19. The method of any one of claims 16-18, wherein the cell is selected from the group consisting of an archaeal cell, a bacterial cell, a eukaryotic cell, a eukaryotic single-cell organism, a somatic cell, a germ cell, a stem cell, a plant cell, an algal cell, an animal cell, in invertebrate cell, a vertebrate cell, a fish cell, a frog cell, a bird cell, a mammalian cell, a pig cell, a cow cell, a goat cell, a sheep cell, a rodent cell, a rat cell, a mouse cell, a horse cell, a non-human primate cell, and a human cell.

20. The method of 19, wherein the cell is a plant cell.

21. The method of claim 19, wherein the cell is in or derived from a human or non-human subject.

22. The method of claim 21, wherein the human or non-human subject has a genetic mutation of a gene.

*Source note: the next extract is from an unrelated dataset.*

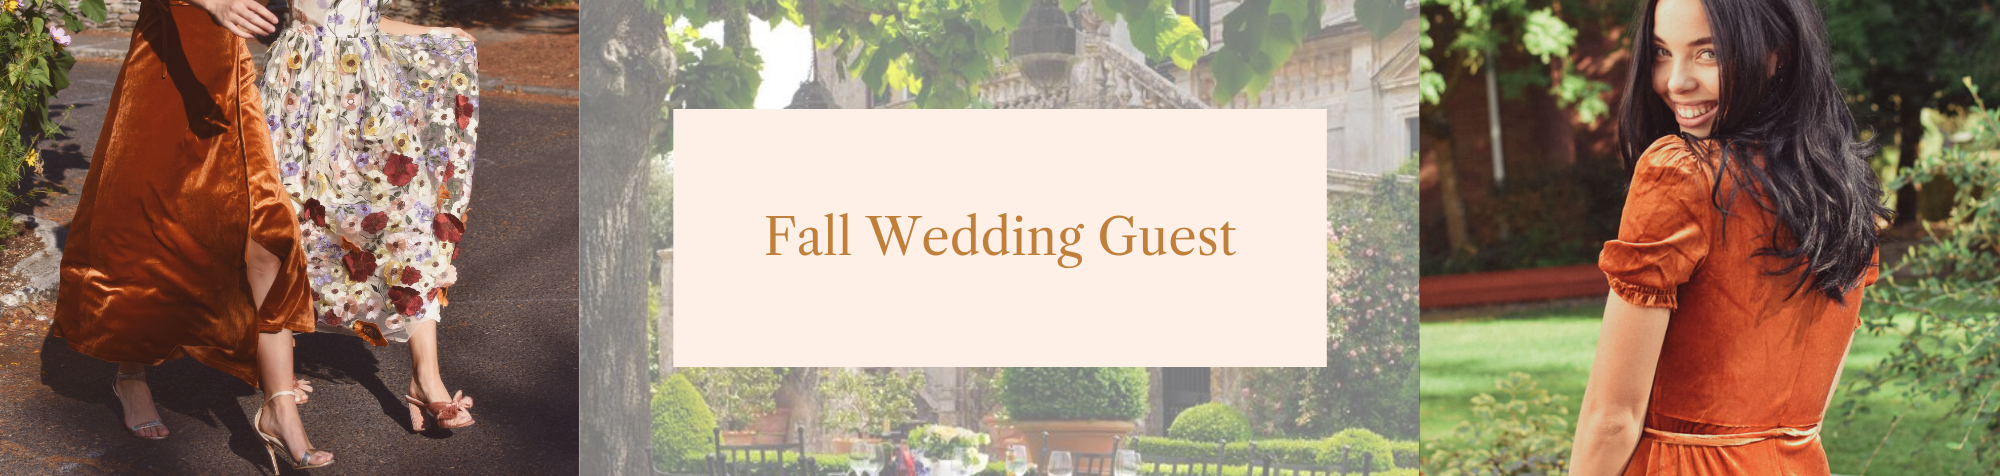 Fall Wedding Guest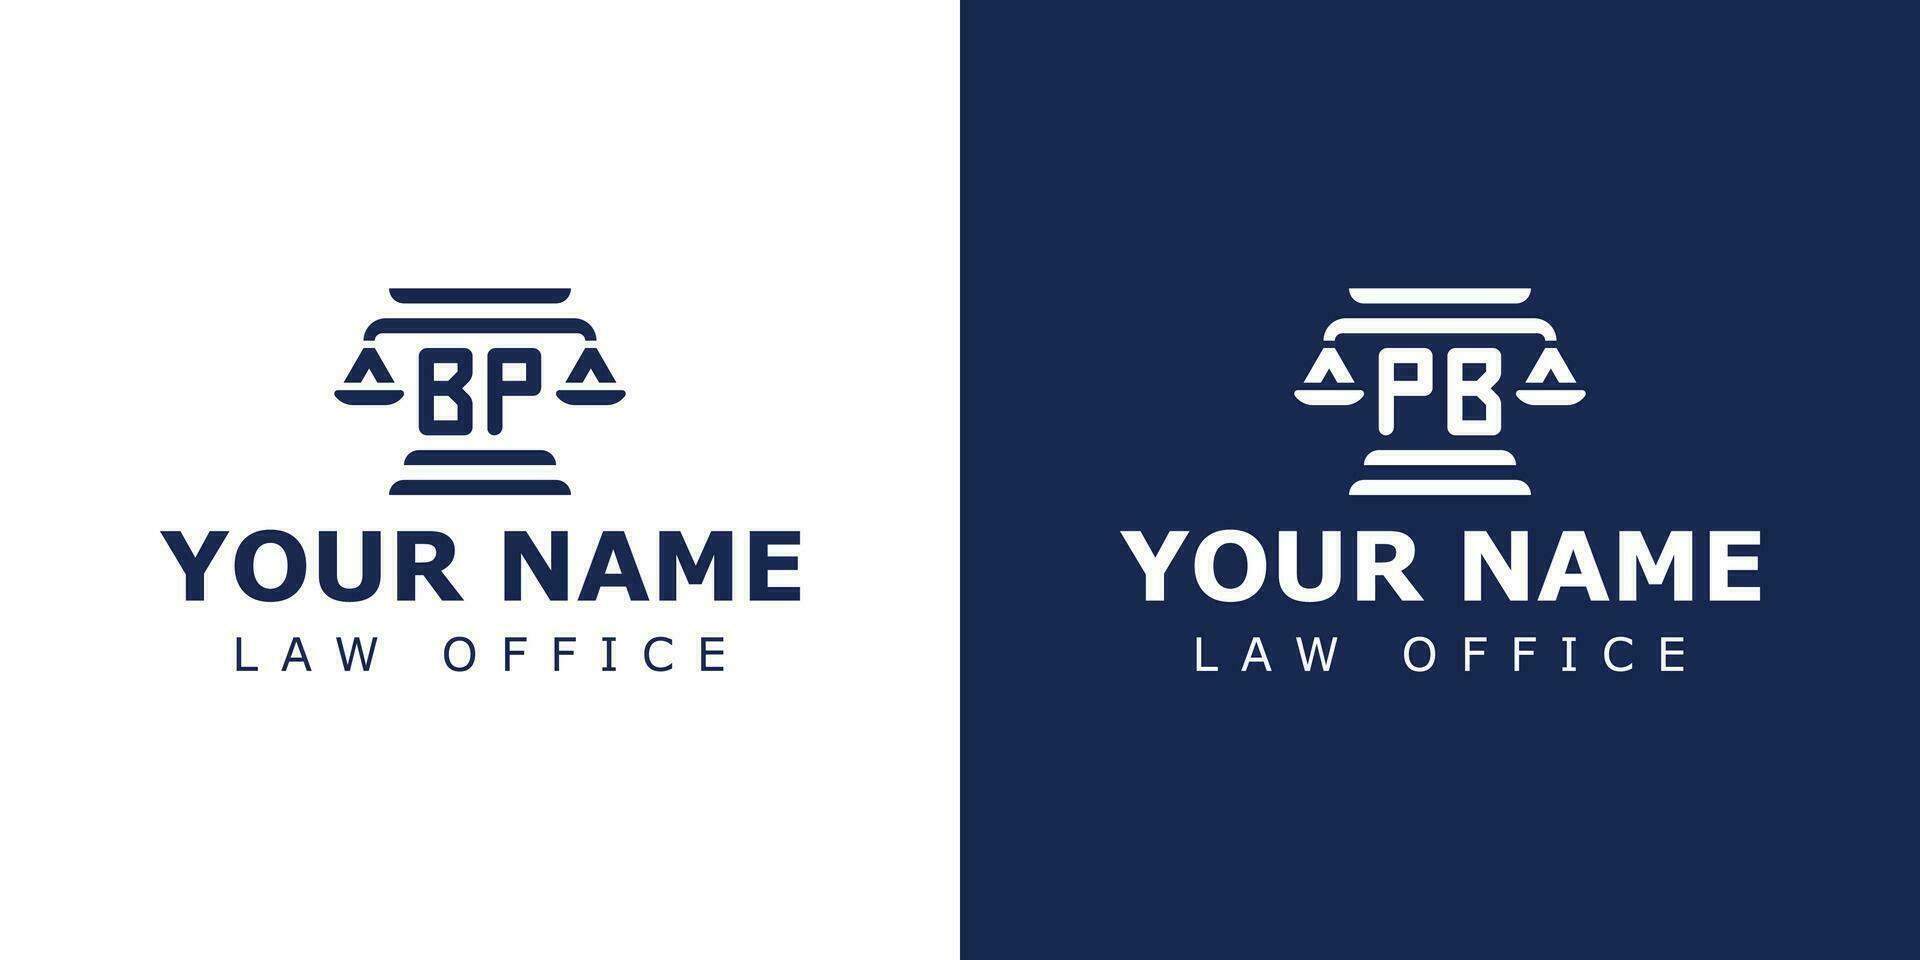 carta bp e pb legal logotipo, adequado para qualquer o negócio relacionado para advogado, jurídico, ou justiça com bp ou pb iniciais vetor

23. The method of claim 22, wherein the subject has a disorder caused by the genetic mutation or is at risk of having the disorder.

24. The method of claim 21-23, wherein said site-specific modification corrects a genetic mutation or inactivates the expression of a gene or changes the expression levels of a gene or changes intron-exon splicing.

25. The method of claim 18, wherein the subject has a pathogen or is at risk of exposing to the pathogen.

26. The method of claim 25, wherein said site-specific modification inactivates a gene of the pathogen.

27. A kit comprising the system of any one of claims 1-14.

28. The kit of claim 27 further comprising one or more components selected from the group consisting of a reagent for reconstitution and/or dilution and a reagent for introducing nucleic acid or polypeptide into a host cell.

29. A genetically engineered isolated cell obtained according to the method of any one of claims 15-26.

30. The cell of claim 29, wherein the cell is selected from the group consisting of a stem cell, an immune cell, and a lymphocyte.

31. The cell of claim 30, wherein the stem cell is an embryonic stem cells, ES-like stem cells, fetal stem cells, adult stem cells, pluripotent stem cells, induced pluripotent stem cells, multipotent stem cells, oligopotent stem cells, and unipotent stem cells.

32. The cell of claim 30, wherein the immune cell is selected from the group consisting of a T cell, a B cell, an NK cell, a macrophage, and a mixture thereof.

33. A pharmaceutical composition comprising an effective amount of the cell of any one of claims 29-32 and a pharmaceutically acceptable carrier.